*** Block opens ***
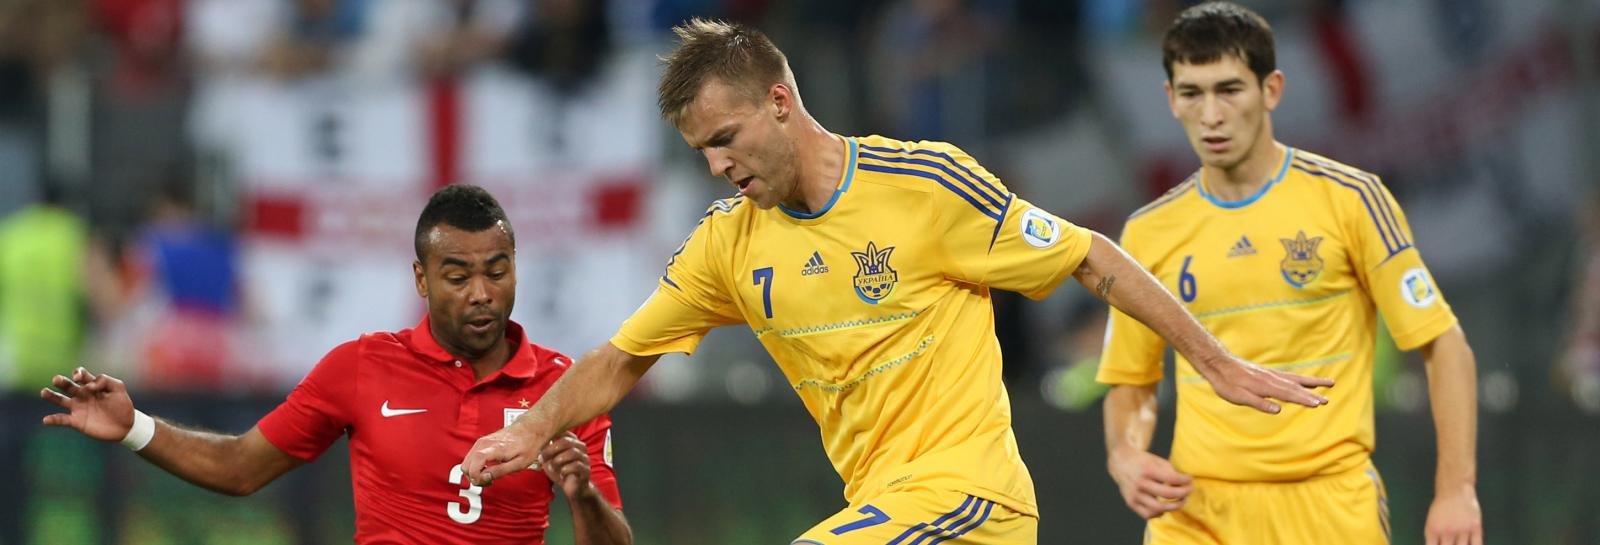 Everton preparing £21m offer for Ukraine’s star forward
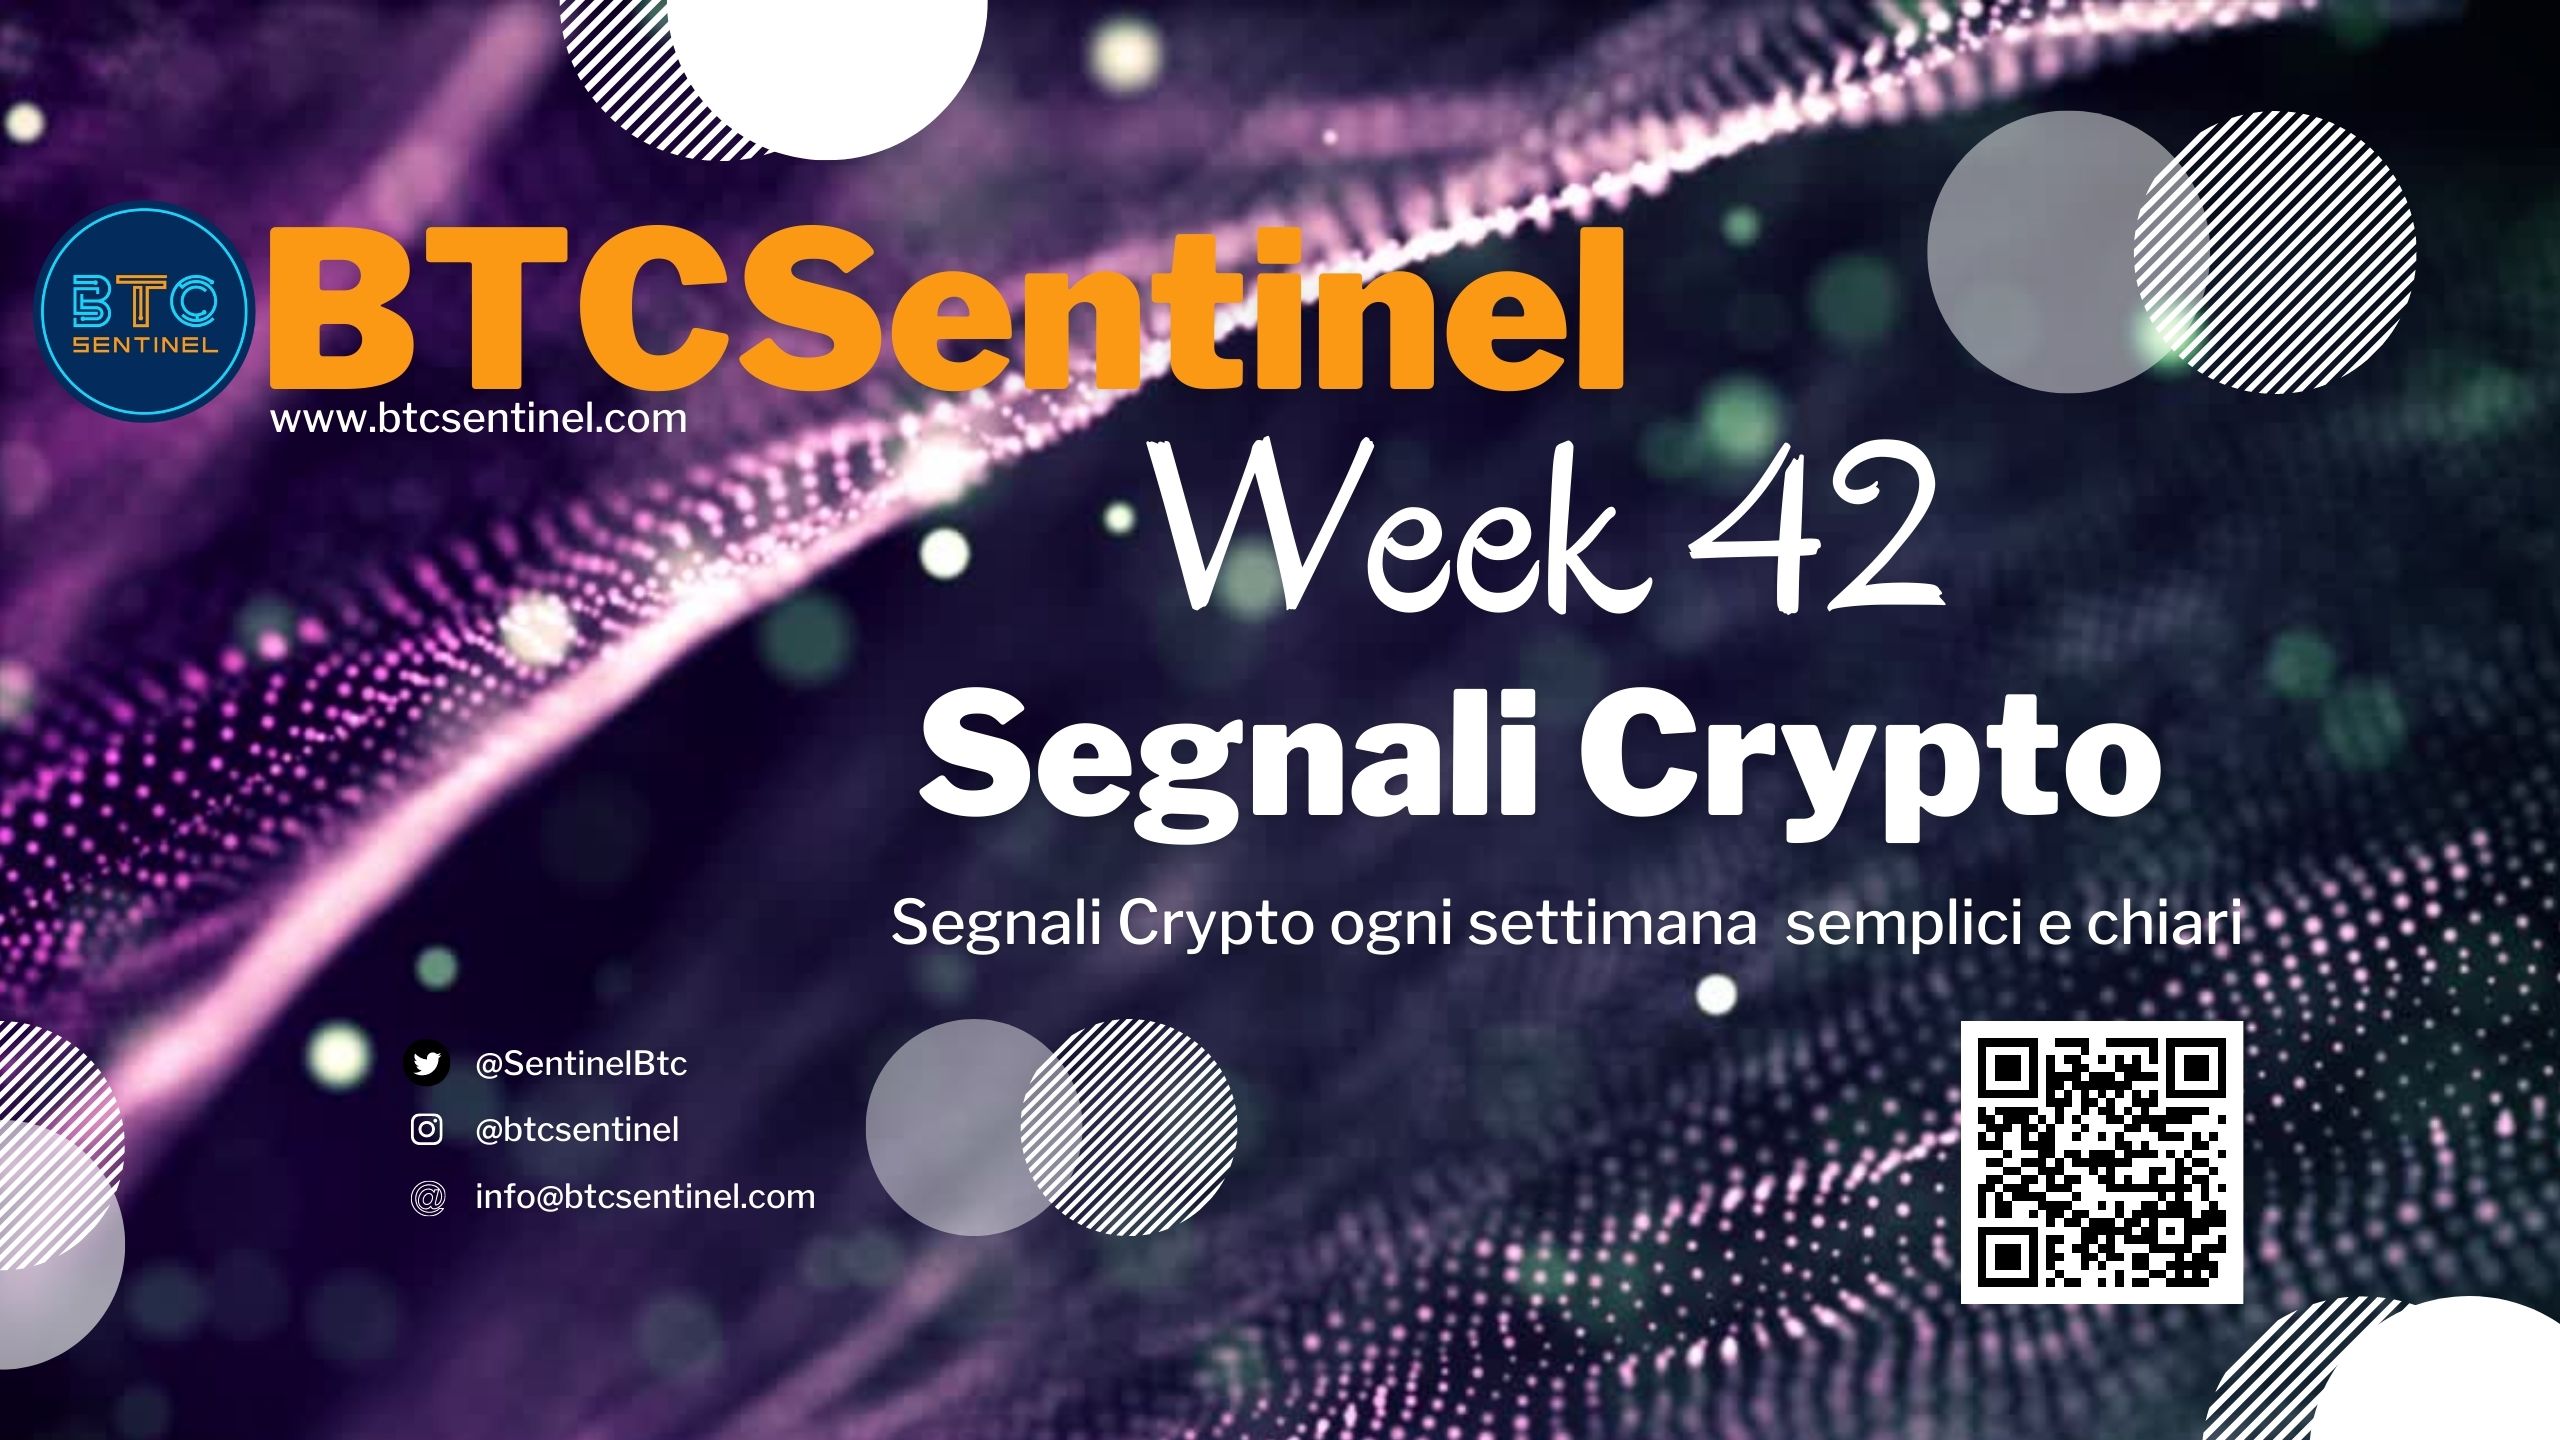 Segnali Crypto Week 42: news dal mondo crypto analizzate per capire il mercato
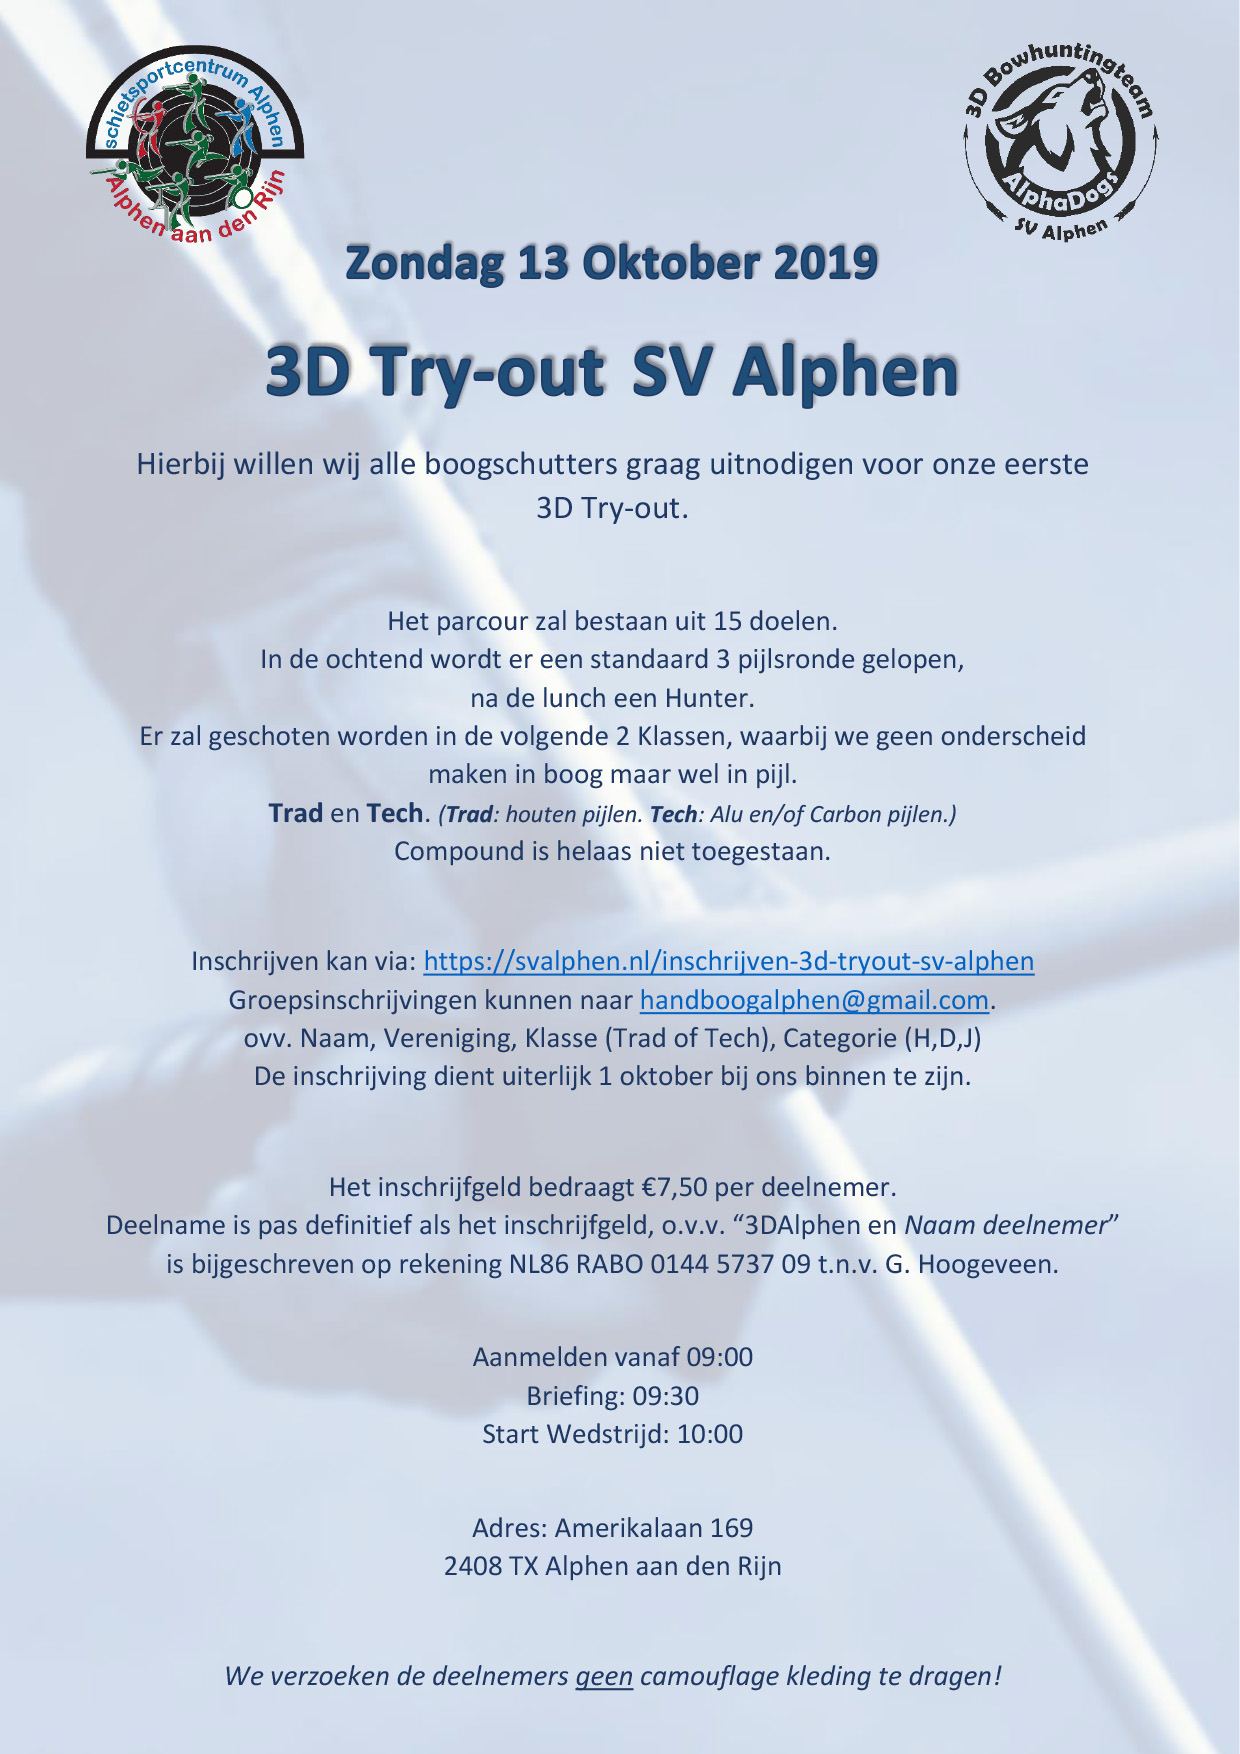 3D Try-out SV Alphen @ Amerikalaan 169 2408 TX Alphen aan den Rijn
*** Block closes ***
Work instructions: A verbatim copy of the data, with all pictures omitted, is the required output.

Finished exercise:
 Everton preparing £21m offer for Ukraine’s star forward
 Segnali Crypto Week 42: news dal mondo crypto analizzate per capire il mercato
 3D Try-out SV Alphen @ Amerikalaan 169 2408 TX Alphen aan den Rijn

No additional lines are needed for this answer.